Chronicle Of Blog Visitor Narrative...

Hmmm.....






STAND ALONE NARRATIVE
A MOTHER THAT DISGRACES ONE ALL THE TIME.



My mum and I weren't close until I got married......


We had a lot of disagreements but after my wedding we became friends. Now my mum has been doing a lot and I don't know how to talk to her without her seeing me as a disrespectful child (na all these things dey cause quarrel before).


She is a jovial person but sometimes she takes it to the extreme. We pound yam every Sunday when I was still single, that is one of the things I stopped when I got married infact I told hubby to get a yam pounder which he did and while dating I told him about how I will love him to help around the house too which he agreed and he does it ...


Now that we are married. When my mum calls on Sunday and she asks what we eat and I tell her things like spaghetti, rice she goes on to tell me why can't I pound yam.

 if it is between me and her i will understand that it is a joke but now frequently saying it in the presence of my husband is something I don't appreciate.. I don't cook lunch only dinner and breakfast and hubby is cool with it but when my mum calls it becomes a problem and some days I avoid giving my husband the phone to speak to her..

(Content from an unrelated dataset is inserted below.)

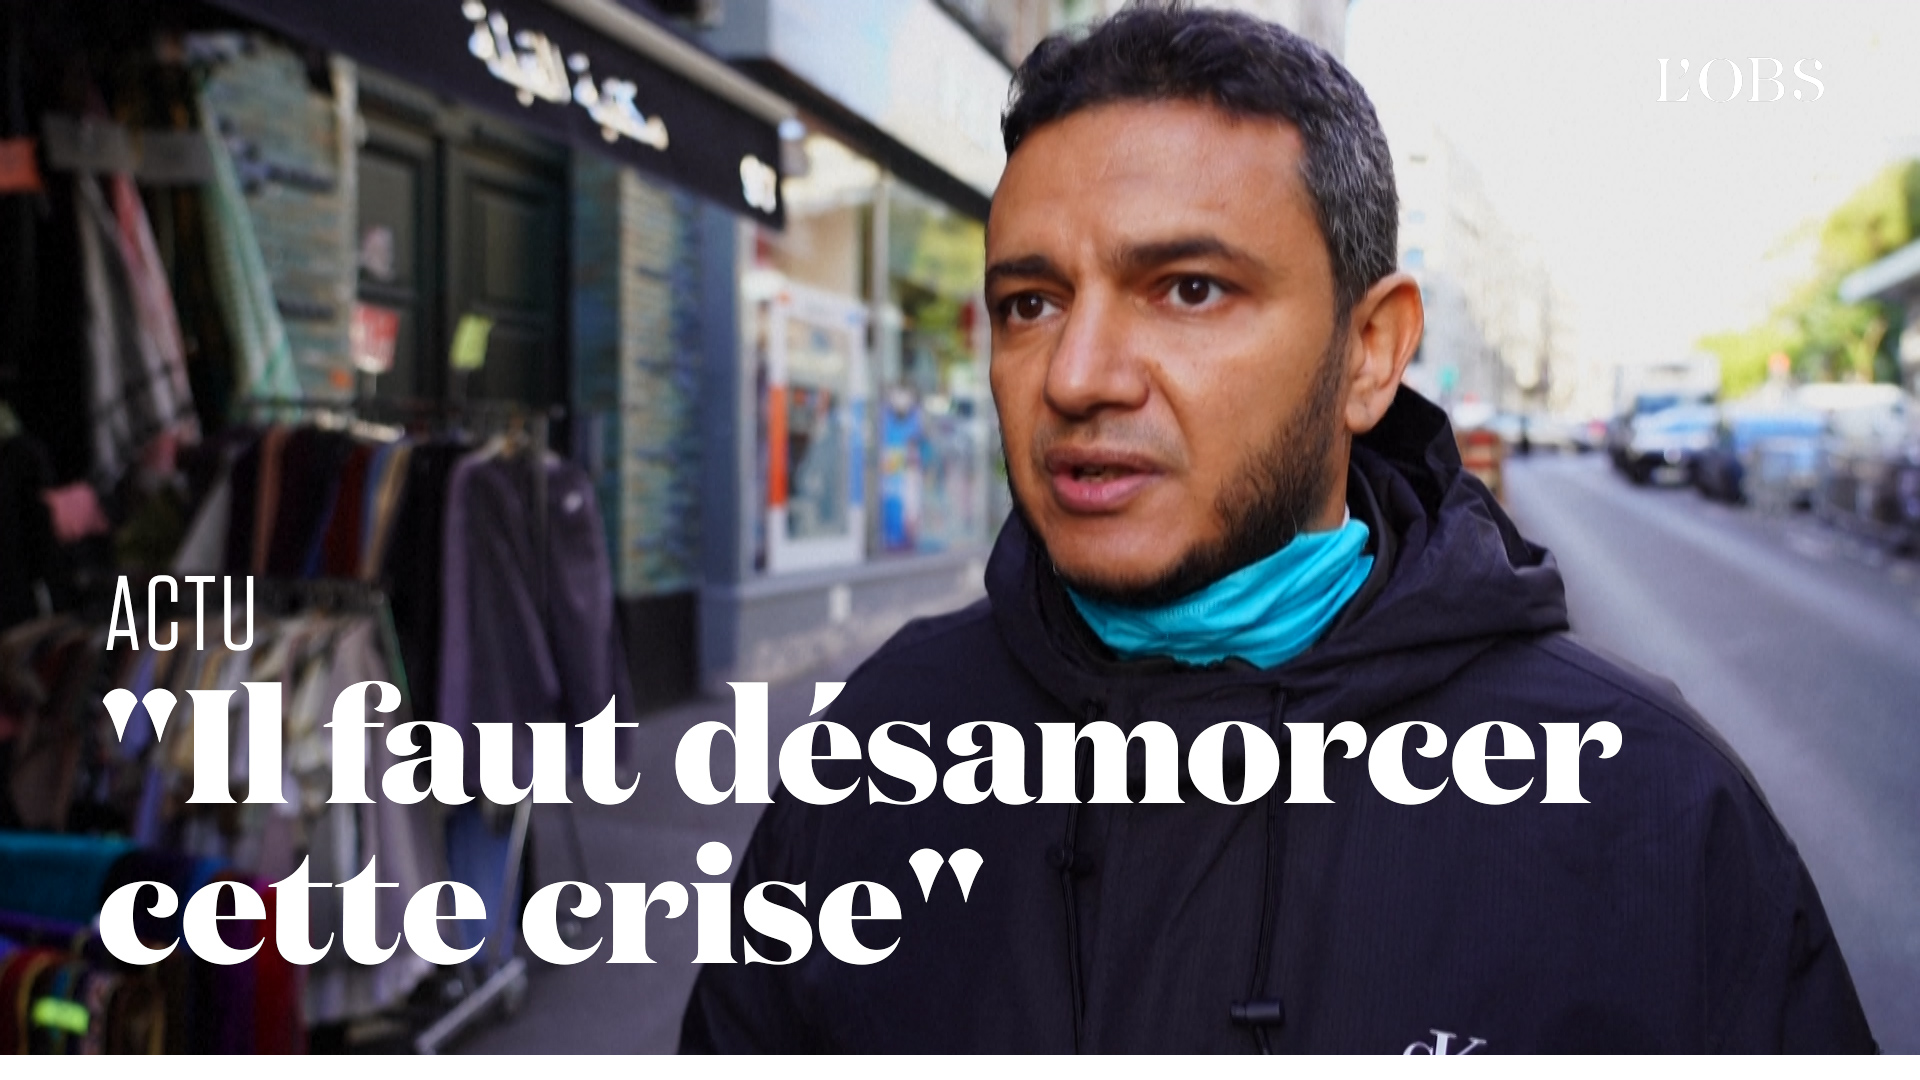 Face au boycott, des musulmans français dénoncent un "appel à diviser notre société"

Secondly, I have added weight and hubby is not complaining but my mum is the one that will call in the presence of my hubby referring to me as rabata, roboti, orobo, momo etc talking down at me and all hubby does is smile but it gets to me 

Lastly we both agreed to wait a year and six month before having babies but my mum has been on my neck saying things like I am taking my husband for granted because he is gentle that, that is how I will be making him do house chores....
if all this talk is between us, I don't care but the fact that she is extending it to my husbands side is what is not cool at all before he starts thinking other wise. 

Haba this is my own mother and not mother in law o,even my mother in law doesn't even give me all these wahala. Please what can I do biko....





*Stop taking her calls and send her a message telling her what she is doing wrong and how you dont like it.. If she continues then stop taking her calls totally for her to get the message. 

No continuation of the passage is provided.